Walk along the river path until you come to an open pasture. Cross the field diagonally with the boulders to the left of you. You will see a path heading up hill and possibly a hand rail (which may soon fall down the hill). Take the path down behind the hand rail towards the river.

Follow the river looking for the yellow and red paint on rocks and trees.

You will eventually spot some red paint on a large rocky ground area and follow the path up hill to a gate. Pass through the gate and continue following the path past farm houses on your left. You will pass over another fence blocking the path and shortly after you will take the path to the right heading up hill towards a large white cliff. The path steepens here and may be muddy. The yellow and red markers drop out here. Somewhere here I went wrong.

You will come to a small pasture area under the white cliff. Perhaps you are suppose to cross the pasture and continue uphill. I didn’t.

Alternate path (extra two hours but beautiful)

I took the path to the right, heading uphill. The path passes through steep white walled earth. You will soon reach a large flat open pasture area with a small wooden hut. Cross the field walking towards the hut. Take the path to the left of the structure. Follow the path up hill to the left through the pasture and over a ridge. When you come to a small valley, follow the track up the valley to the top of the hill next to the house. Walk with the house to the right of you.

Over the ridge you will see a path that after 50m brings you to a road. Go left and follow the road down hill where you will find a well worn path along a ridge. Leave the road to follow the path down the hill where it rejoins the road. Follow the road over a concrete bridge where you will see red and white paint marking the route. Follow the road up and take the well used path to the right up to the village.

Day 3 – Insinliví to Sigchos
Turn left as you exit Lu Lu Llama and walk down the hill. As the sealed road ends, take the track that turns slightly right as you leave the town. Follow it down ignoring tracks to the right and left.

At the bottom of the hill you will reach a wooden bridge over the creek. Cross the creek and follow the track up to the left until you reach the road

Go left at the road and follow it for about 15 minutes. You will pass three electricity poles on your left, keep walking. You will soon be able to see the orange roof of the church in the village at the bottom of the valley. Just before reaching the large cluster of eucalyptus trees (hundreds of trees) there will be a path leading off the road to the left and yellow paint on a rock marking the trail. Follow the trail all the way down to the village with the orange church roof.

When you reach the church take the road left past the school. After about five minutes you will reach a fork in the road. Bare right. A short way along you will see a path marked by two posts with red paint. Take the path down and cross the river on the concrete bridge.

After the bridge take the path to the right and shortly after, a left fork.
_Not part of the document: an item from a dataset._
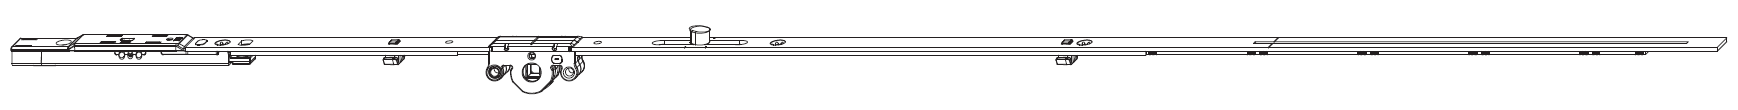 MAICO -  Cremonese MULTI-MATIC anta a bandiera altezza maniglia fissa con puntale chiusura ad espansione per seconda anta - gr / dim. 1340 - entrata 15 - alt. man. 400 - lbb/hbb 1091 - 1340

Follow the path up hill for about five minutes to reach the road.

Take the road right and follow it for about 2km or 30 minutes.

You will eventually see another concrete road bridge over the river to your right. Just before reaching the bridge there will be a steep path to the left. Take that path.

The path will bring you out on the road. Go left and follow the road until you soon come to a concrete building. Take the path on the left directly opposite the building.

After about 20 minutes you will reach another road/track. Go right and follow the road until you come to a church. Just after the church take the dirt road heading up hill.

Follow the road and after about 30 minutes you will reach Sigchos.

When you reach the edge of town, continue walking up the road you are on, taking the fifth street on your right. Walk about four streets to find the bus station on your left (ask for directions).

Buses leave for Latacunga at 1.30pm and not 2.30pm as advised by the hostels. Two buses leave at the same time. The bus from the terminal is direct and saves a few hours.